Охранник — парень моего возраста — никогда не поворачивается ко мне спиной. Оставляет еду, наклоняясь к полу, и не сводит с меня пристального взгляда. Плечи всегда напряжены и, как мне кажется, стоит мне пошевелиться, как в моем лбу будет гореть дырка. Одна из причин, по которой я стараюсь быть паинькой — нервозность моего охранника.
Уходит он всегда спиной вперед, делает шаг за шагом, пока не оказывается в коридоре. Даже интересно, каких баек ему обо мне наговорили, что у паренька аж коленки трясутся, стоит мне только вздохнуть чуть громче. Впрочем, неважно. Пусть боится.
Но на этот раз я решаюсь заговорить с ним до того, как он проделает свой ежедневный ритуал и запрет меня.
— Эй, давай поболтаем, — произношу я как можно дружелюбнее. — Не убегай так быстро.
Парень заметно напрягается. Думает о чем-то и выдает:
— Не положено мне с тобой болтать.
Вот оно как.
Значит, Князь запретил ему со мной разговаривать. Интересно, почему? Что такого я могу ему рассказать, что Князь не хочет, чтобы это произошло. Боится, что я промою его душегубам мозги? Это мне льстит.
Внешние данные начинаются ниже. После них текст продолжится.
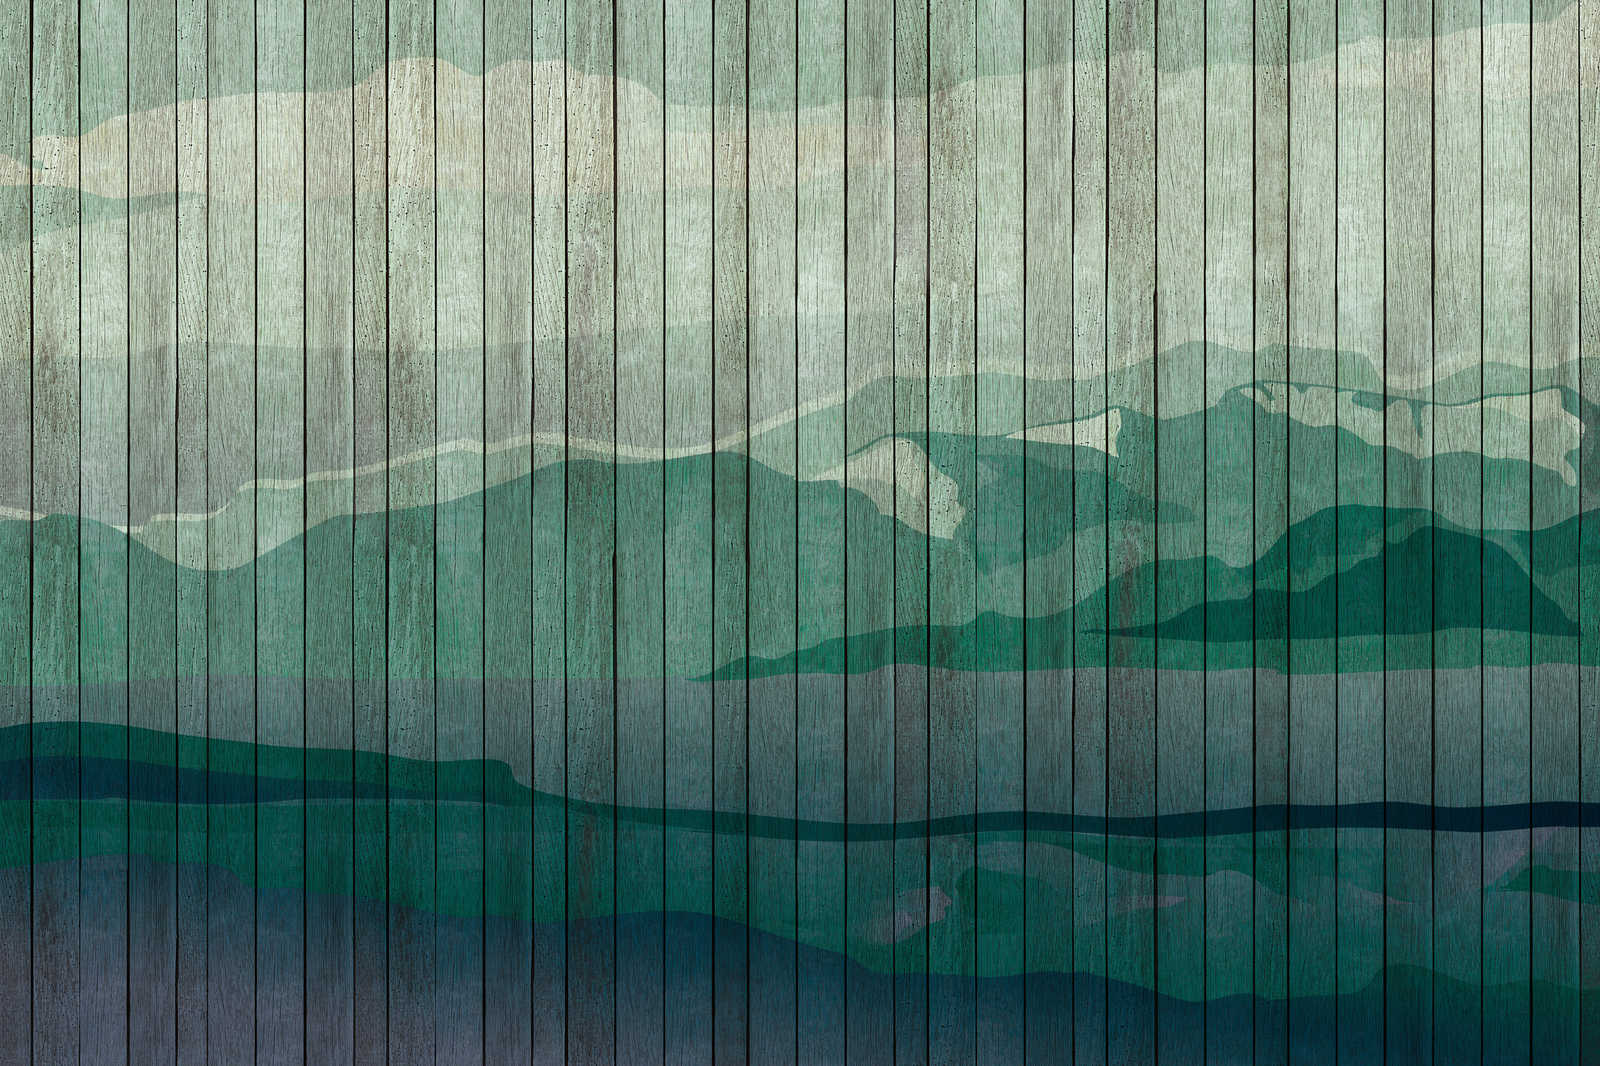             Mountains 3 - toile moderne paysage de montagne & aspect planche - 0,90 m x 0,60 m

Но, к сожалению, я не такой хороший оратор каким был Пастух, мне вокруг себя людей не собрать и на бунт народ не поднять. И Князь это прекрасно осознает. Чего тогда бояться? Что расскажу, что за пределами лагеря есть жизнь? Ну, в это будет сложно поверить, учитывая, что я снова в лагере. Значит, Князь со своими садистскими наклонностями просто хочет свести меня с ума.
Об этом подумаю ночью, времени для размышлений у меня теперь предостаточно. Парень же мое молчание воспринимает на свой счет и кивает на тарелку.
— Ешь, если не хочешь загнуться раньше времени.
— Я ужины предпочитаю пропускать. Худею.
Мой юмор не оценивают. На его лице проскальзывает выражение какой-то брезгливости. Возможно, сам прекрасно понимает, что еда, которую он мне приносит, едой можно назвать с большим натягом.
— Просто расскажи мне, что там да как?.. На свободе.